MATERIAL FOR THIS EXERCISE =
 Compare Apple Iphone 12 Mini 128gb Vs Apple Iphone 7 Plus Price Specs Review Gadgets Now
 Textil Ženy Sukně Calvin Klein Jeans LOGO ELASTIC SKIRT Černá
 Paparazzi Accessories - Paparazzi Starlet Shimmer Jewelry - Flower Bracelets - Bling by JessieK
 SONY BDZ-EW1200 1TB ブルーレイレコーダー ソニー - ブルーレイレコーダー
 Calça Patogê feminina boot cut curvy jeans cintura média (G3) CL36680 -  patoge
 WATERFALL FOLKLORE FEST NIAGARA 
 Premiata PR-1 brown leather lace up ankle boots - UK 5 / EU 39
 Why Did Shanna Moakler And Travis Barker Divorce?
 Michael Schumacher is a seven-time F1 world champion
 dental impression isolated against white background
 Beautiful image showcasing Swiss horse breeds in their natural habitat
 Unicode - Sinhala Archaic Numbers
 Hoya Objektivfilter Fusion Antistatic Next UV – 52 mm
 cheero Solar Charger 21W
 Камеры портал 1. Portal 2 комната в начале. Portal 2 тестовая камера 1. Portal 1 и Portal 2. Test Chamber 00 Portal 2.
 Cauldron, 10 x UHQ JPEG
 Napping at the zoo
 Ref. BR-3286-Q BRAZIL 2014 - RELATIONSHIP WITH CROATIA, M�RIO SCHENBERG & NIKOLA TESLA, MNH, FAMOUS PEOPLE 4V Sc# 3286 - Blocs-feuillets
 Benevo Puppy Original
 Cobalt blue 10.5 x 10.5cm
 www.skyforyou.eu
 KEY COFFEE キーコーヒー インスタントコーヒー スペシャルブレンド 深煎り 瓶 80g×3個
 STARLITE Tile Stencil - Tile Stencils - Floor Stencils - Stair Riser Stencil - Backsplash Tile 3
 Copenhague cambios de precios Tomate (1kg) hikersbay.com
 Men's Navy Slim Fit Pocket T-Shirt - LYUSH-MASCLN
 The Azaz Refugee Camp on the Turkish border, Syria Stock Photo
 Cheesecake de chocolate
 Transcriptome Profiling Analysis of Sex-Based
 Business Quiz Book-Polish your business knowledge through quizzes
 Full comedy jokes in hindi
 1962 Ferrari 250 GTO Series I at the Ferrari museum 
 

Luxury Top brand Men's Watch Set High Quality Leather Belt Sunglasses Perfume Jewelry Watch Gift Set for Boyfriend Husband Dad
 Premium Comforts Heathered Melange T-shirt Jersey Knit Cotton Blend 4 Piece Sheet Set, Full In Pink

HOW TO COMPLETE THIS TASK = All lines of the listing that contain the word "Jewelry" should be copied out.

ANSWER SPACE =
 Paparazzi Accessories - Paparazzi Starlet Shimmer Jewelry - Flower Bracelets - Bling by JessieK
Luxury Top brand Men's Watch Set High Quality Leather Belt Sunglasses Perfume Jewelry Watch Gift Set for Boyfriend Husband Dad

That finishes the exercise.